Assuming that consciousness affects the shaping of language, Wallace Chafe discusses the properties and foci of consciousness as well as his notion of activation cost. On a different note, Developmental psychology, by Susan M. Ervin-Tripp, presents a historical overview of the field of developmental psychology, provides a definition, and sketches the main research issues, as well as various approaches and methods of study. The last sections address many research issues to which pragmatics can contribute.

Experimentation is a thorough chapter by Dominiek Sandra that provides the basics of empirical research, and more specifically of experimental design, as opposed to theoretical studies. Special attention is paid to several frequently used statistical tests. The next chapter, by Steven Gillis and Dorit Ravid, focuses on the main controversies and methodologies in the multidisciplinary field of language acquisition. The notions of bootstrapping and variation are developed, and both quantitative and qualitative descriptions of early and later language development are summarised.

Elizabeth Mertz and Jonathan Yovel provide different conceptualisations of the term metalanguage in their chapter and link it to the notion of metalinguistic awareness. They discuss how these concepts have been used in linguistic/empirical studies, with a focus on linguistic ideology, as well as in cognitive, psycholinguistic and developmental approaches.
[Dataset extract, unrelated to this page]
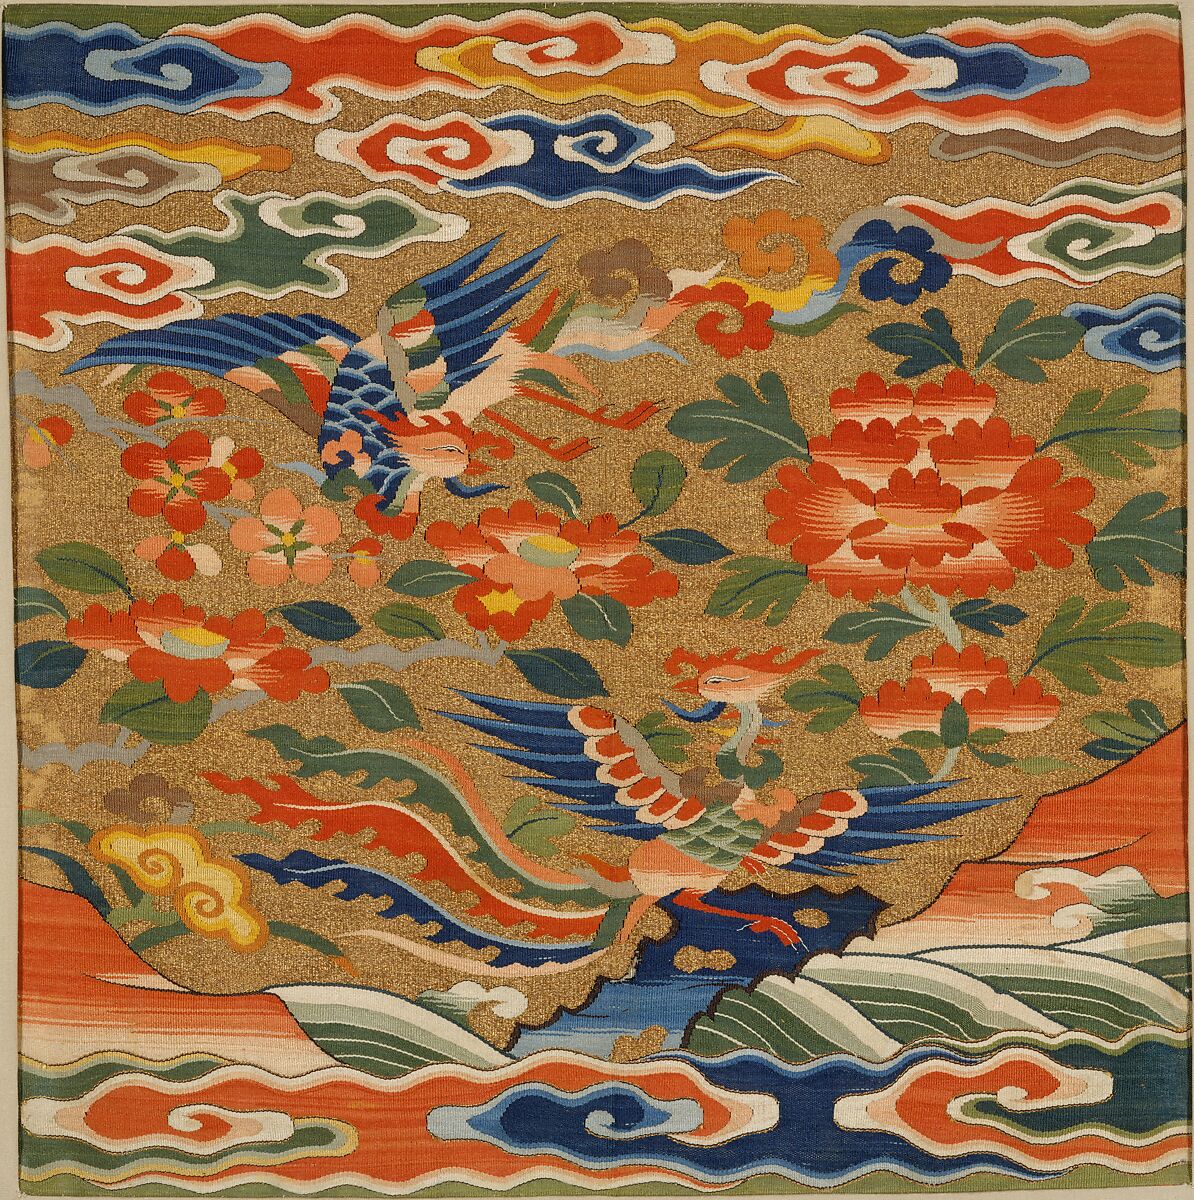 Rank badge with two phoenixes, Silk and metal thread tapestry (kesi), China

The following chapter, by Roger Lindsay, debates whether perception can be modified by language, and studies the relationship between language and perception from a cognitive point of view, stating that neuropsychological evidence suggests a functionally subdivided human information processing system.
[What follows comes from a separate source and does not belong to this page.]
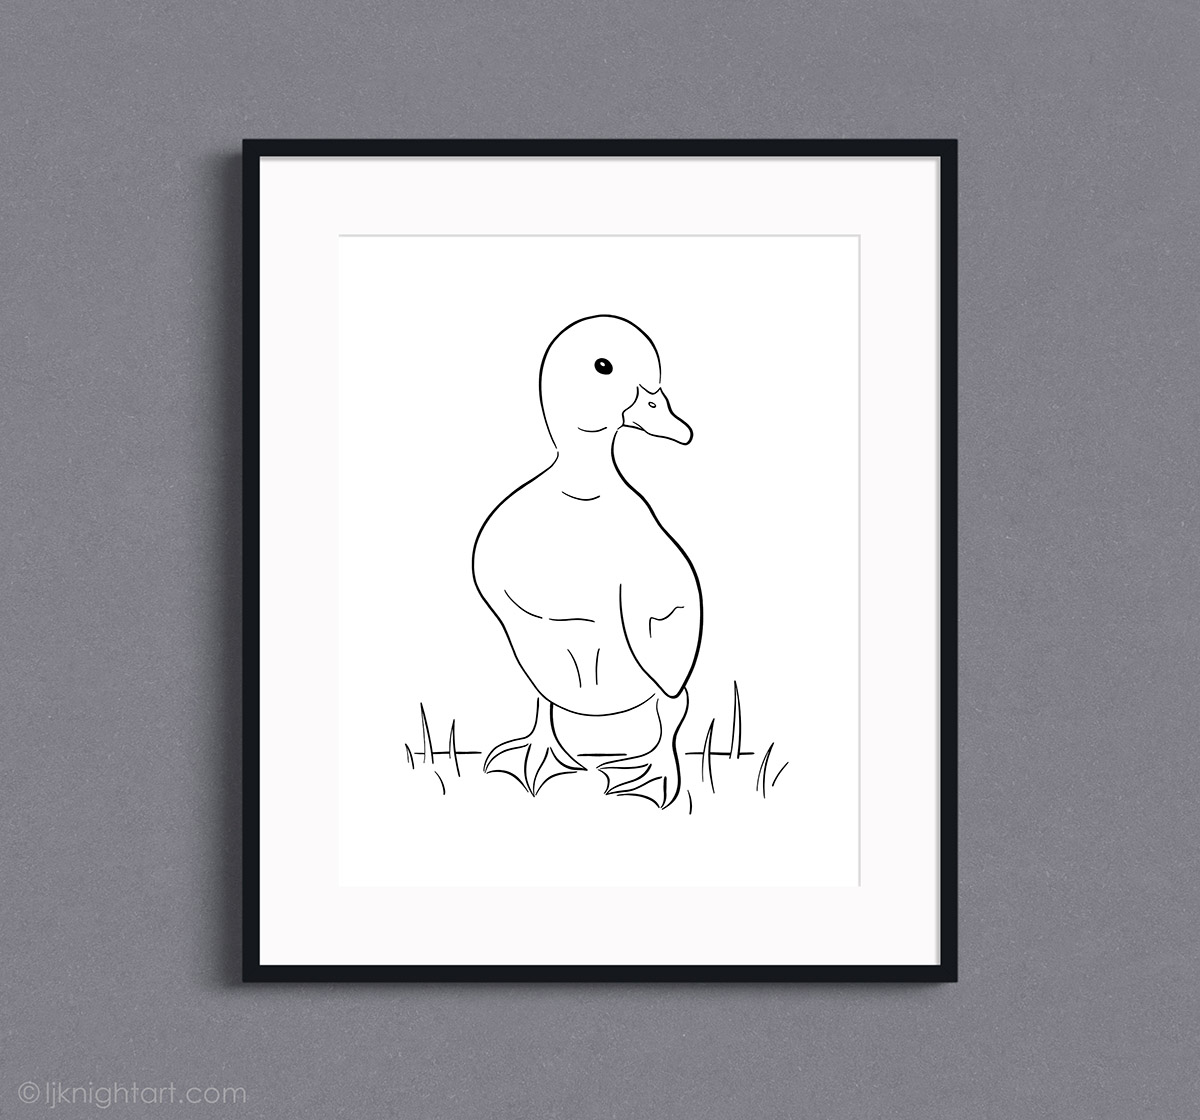 Black and white line drawing of a duckling - contemporary bird art by L.J. Knight

Psycholinguistics, by Dominiek Sandra, is an extensive and well-organised chapter that includes a first section with the basics of this discipline: historical overview, main aims, key theoretical frameworks, general methods and research techniques. The second part explores in greater detail four issues: visual word recognition, word spelling, speech perception and speech production. Finally, Ton Dijkstra is the author of The multilingual lexicon, a chapter devoted to the multilingual processing system, and more specifically to the word recognition system in multilingual communication. The author advocates the existence of an integrated lexicon rather than different databases.

The sixteen chapters of the volume, each followed by a comprehensive bibliography, compose a clear introduction to some key notions in a riveting area where linguistic and psychological approaches converge. Although a linear reading is possible, it has its setbacks: chapters are organised alphabetically by title and, just to put an example, a general introduction to cognitive science, which includes two paragraphs on artificial intelligence, is found after a whole chapter on this specific topic. I think a thematic organisation would have proved more helpful although it must be admitted that a thematic revision that can guide the reader is already included in the introductory chapter. On the other hand, despite the emphasis on both cognition and pragmatics in the title, in some contributions a closer focus on pragmatics is missed. Finally, the extension and complexity of the chapters varies and they sometimes lack certain degree of unification.

All in all, regardless of these minor personal considerations, Cognition and Pragmatics is a monumental endeavour in the field of language and cognition. The editors state that the contributions to the volume can be viewed as encyclopaedic articles with the most relevant information but can also be used as teaching tools and as reading materials for a wide range of courses. I totally subscribe this opinion and invite you to use the volume according to your own purposes, be it to get a wide overview of the field or to focus on a specific sub-item. In this regard, although translation is not explicitly addressed in the book, translators and researchers in specialised translation will undoubtedly find a source of inspiration both on the cognitive-based theoretical proposals and on the empirical approaches to science which are clearly exposed in the volume. 

Anna Matamala, Universitat Autònoma de Barcelona, TransMedia Research Group1.

anna.matamala@uab.cat

Note 1
This review is part of the Catalan Government Consolidated Research Group scheme with the reference 2009SGR700.